Another reason is trust. For those already enrolled, SSF offers a 5.5% annual return, which, frankly, is lower than what most fixed deposits offer. So naturally, people wonder: why lock up part of your salary into something that feels less rewarding?

Then there’s the myth that once your money goes into SSF, it’s untouchable until you’re 60. That it just disappears into some black hole, never to be seen again. And that kind of thinking makes people feel like they’re losing control over their own income.

Truth be told, you do have access to benefits along the way, like medical coverage, maternity care, and support in case of accidents. But the misinformation floating around has damaged the public perception. And if SSF wants to win over skeptics, it’ll need to clear up these doubts fast.

Now, with government employees entering the system, SSF is the main stage.

And the Ministry of Finance has already drawn the line as well. They’ve clearly said that if government offices fail to enroll their staff properly, the ministry won’t cover the gap. No safety net. No bailout.
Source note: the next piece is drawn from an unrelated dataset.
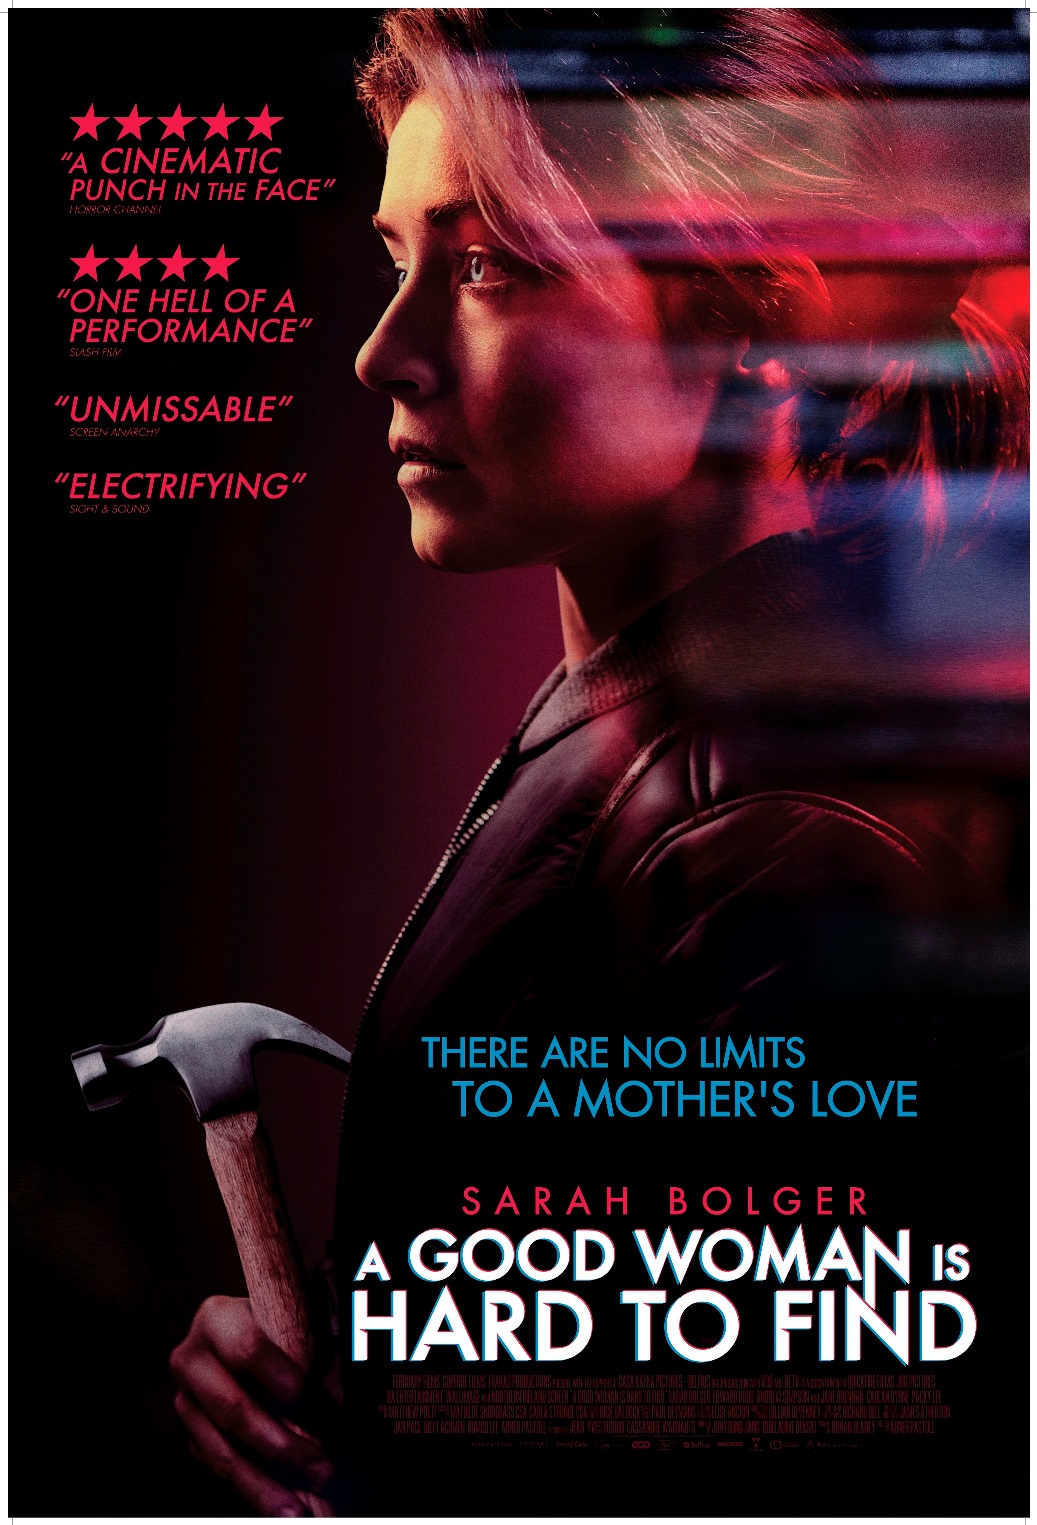 A Good Woman Is Hard to Find *A Good Woman Is Hard to Find* (2019) 1080p, WebRip, HUNSUB, Data Premium A-Good-Woman_AW

So, the question now is whether SSF can deliver on its promises, and finally build the kind of confidence people need to feel safe investing in their own future.

What About the Emotional Side of All This?

Let’s not sugarcoat it: This shift will still feel like a loss for many.

Because the SSF system might be more structured, and maybe even more generous over time, but it doesn’t feel that way yet.

It’s new. It’s technical. It’s a bit more complicated, and it doesn’t yet have the emotional reassurance that the old pension system carried.

And for many, it can feel like things are moving in the wrong direction. Especially when the narrative online is filled with headlines like “pension being cut off” or “SSF locks your money until you turn 60.” These stories create more fear than facts, and leave people unsure about what to believe.

So, the biggest risk of this shift is less in the math and so much more in how this feels to people.

Will employees feel secure enough to commit long-term to government service?

Will this new system inspire confidence, or will it just create more confusion?

Final Thoughts

The old pension setup had reached its limits. Costs were ballooning, the gap between private and public workers kept growing, and the system wasn’t built to handle the future.

Now, for the first time, everyone’s in the same boat. Whether you work for a ministry or a private firm, the rules are the same. You contribute, your employer contributes, and your future is tied to a shared system. That finally puts an end to a long-standing divide, and brings a sense of fairness that was missing for far too long.

Still, fixing the structure is just the first step. The real test is whether SSF can earn people’s trust. That means benefits that actually show up when you need them. A system that feels accessible, not buried in red tape. And clear communication, so people stop relying on half-truths and rumors to figure out their own future.

SSF doesn’t need to be perfect. But it does need to be reliable. If it can show that it works, not just in theory, but in people’s lives, it might just become the thing it’s trying to replace: something people can count on.